As a newcomer to international TB control, PIH faces a medical establishment with interests in maintaining the status quo. Peru’s authorities struggled to secure funding for the project, so they don't want a scandal to damage their world-renowned program. Kidder describes a situation In which an intern watches a patient die because she can’t provide alternative treatment until after DOTS treatment is complete, and Farmer must provide in-person approval to override this protocol. Farmer makes his case to international committees but has limited clout in this area and faces hostile audiences.

Then there is the cost of treatment. Farmer notes the hypocrisy that Peru pays billions of dollars per year in international loans but developed nations consider medical aid for it too expensive. PIH notes that funding MDR-TB treatments now would be much cheaper than during a global epidemic, when a drug that costs $8.80 in France can rise to $21 in Peru and $29.90 in the United States. Farmer pressures drug manufacturers to compete by presenting accurate-but-misleading statistics, with one representative seeing through them but promising support out of disgust that no one else would. Meanwhile, Kim works with the WHO to add second-line medications to the essential drugs list even though they are by nature not essential. This requires a council that can ensure that buyers follow treatments and do not exasperate problems.

The fight to prevent a global MDR-TB epidemic has parallels to the 2020 Covid-19 pandemic, which involved a novel, life-threatening respiratory disease with no treatment.
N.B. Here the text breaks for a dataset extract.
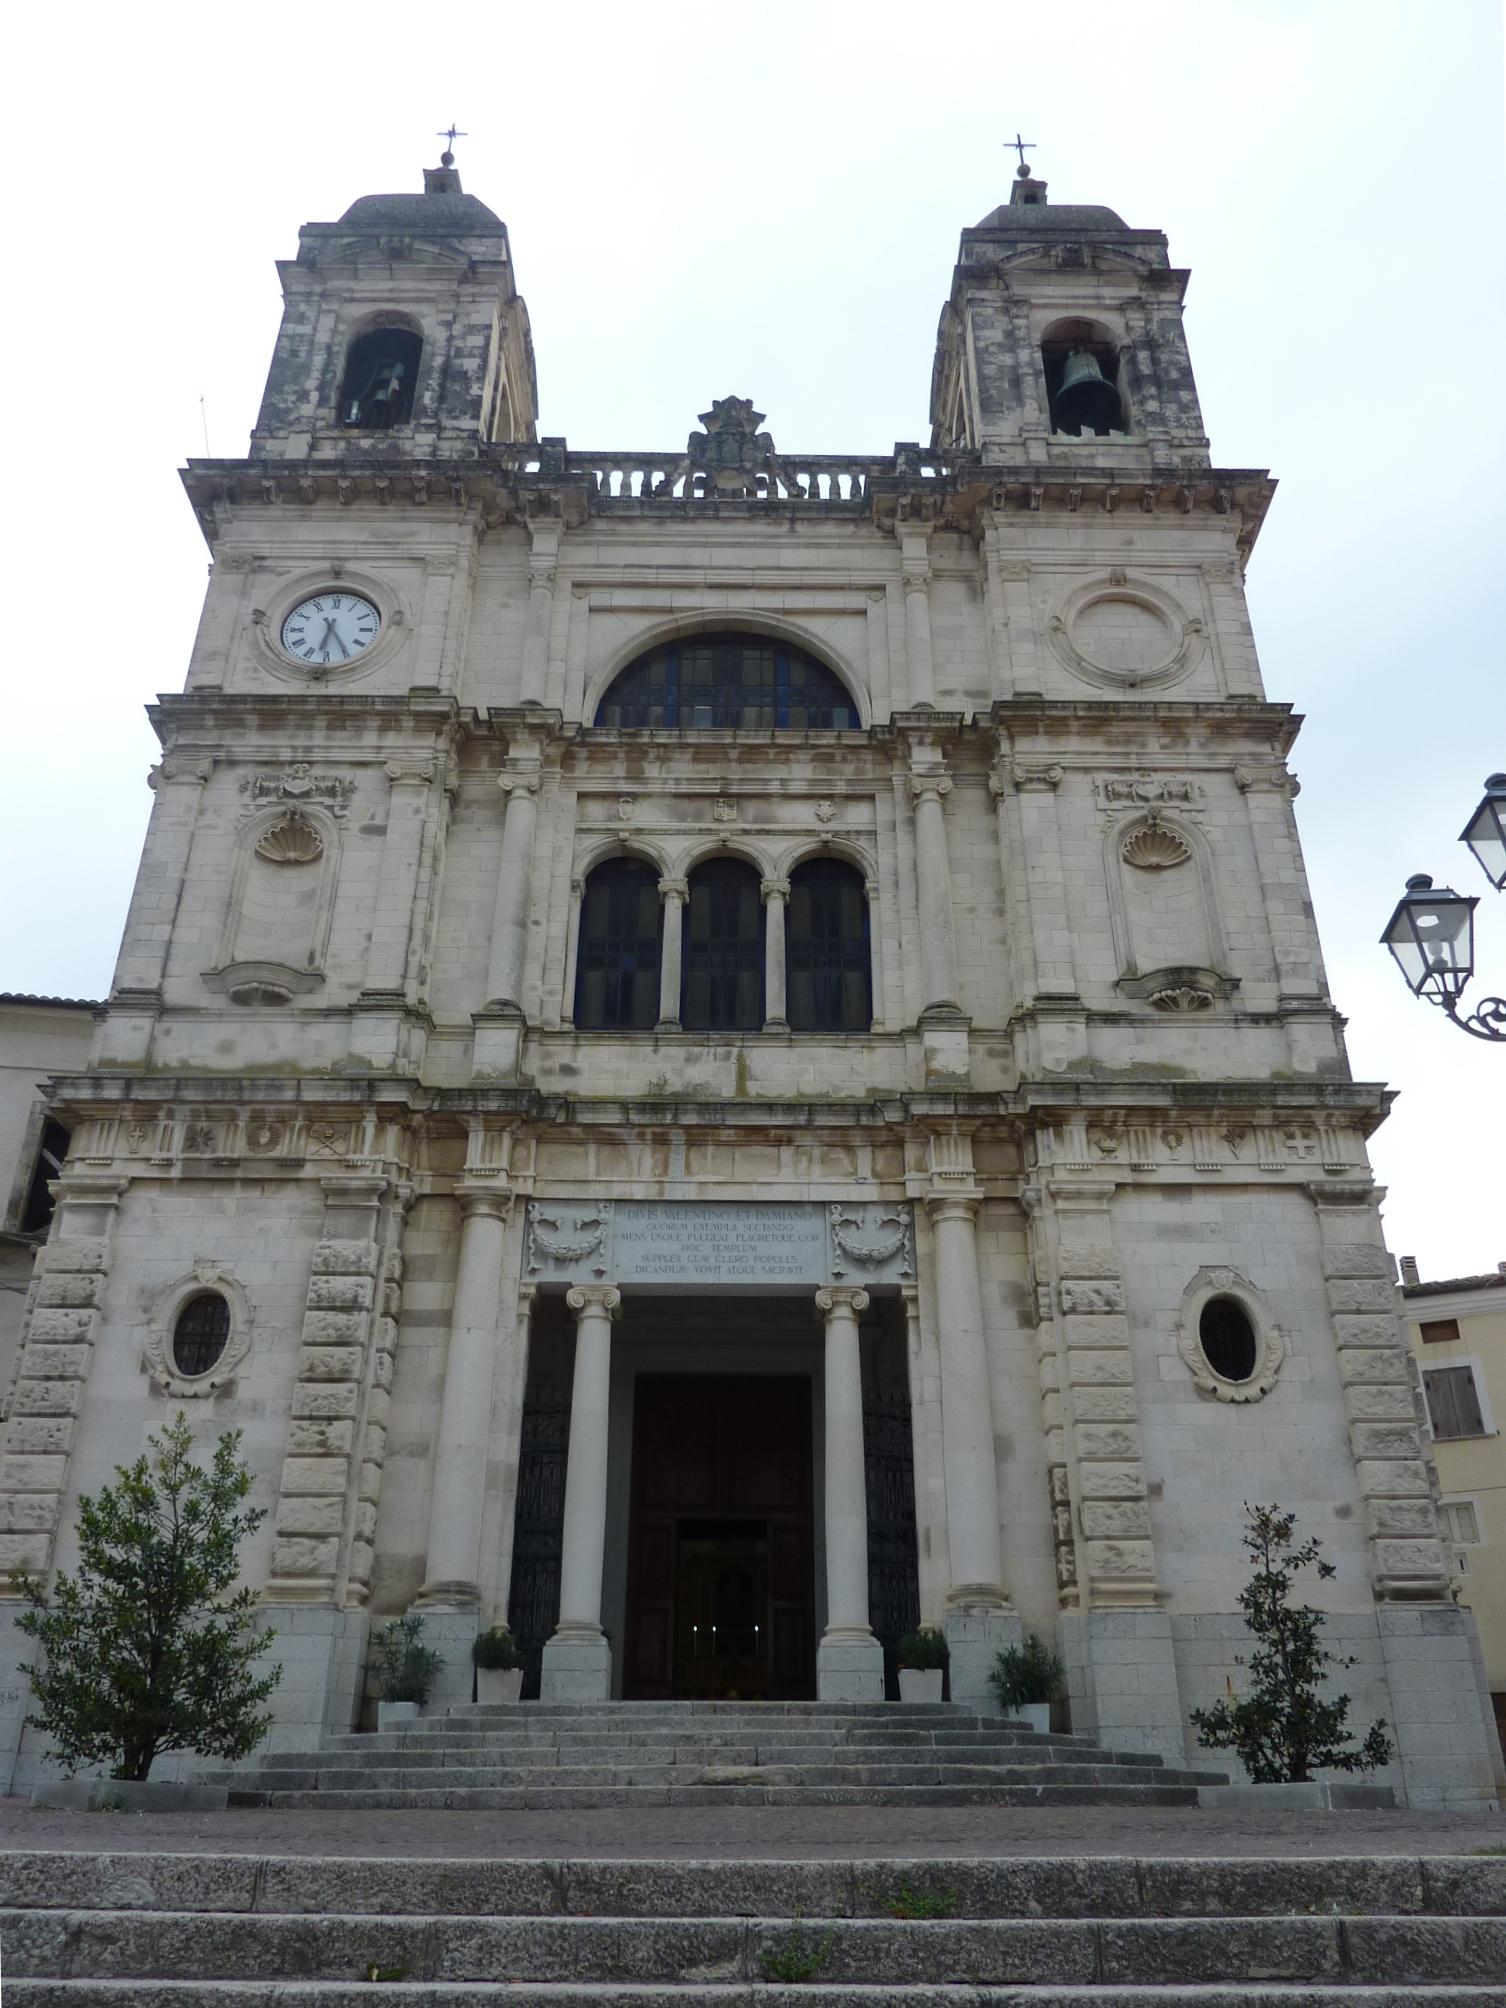 San valentino in abruzzo citeriore wikipedia for San valentino in italia

Like the great epi divide that Kidder describes in Chapter 13, the Covid-19 positivity and death rates were higher in Black, Latino, and low-income neighborhoods in the United States, where most people work jobs that they cannot complete from home. At the beginning of the pandemic, African American deaths nationally were nearly two times greater than expected based on their share of the population. (Godoy, Maria. “What Do Coronavirus Racial Disparities Look Like State by State?” National Public Radio, 30 May 2020, www.npr.org/sections/health-shots/2020/05/30/865413079/what-do-coronavirus-racial-disparities-look-like-state-by-state.) As pharmaceutical companies developed and manufactured vaccines, developed nations hoarded available doses. While the United States was vaccinating one in four people by April 2021, Doctors Without Borders reported that developing countries were only vaccinating 1 in 500 people. (Kelly, Mary Louise. “Poor Nations Left Behind in Coronavirus Vaccine Rollout.” National Public Radio, 14 Apr. 2021, www.npr.org/2021/04/14/987371978/poor-nations-left-behind-in-coronavirus-vaccine-rollout.)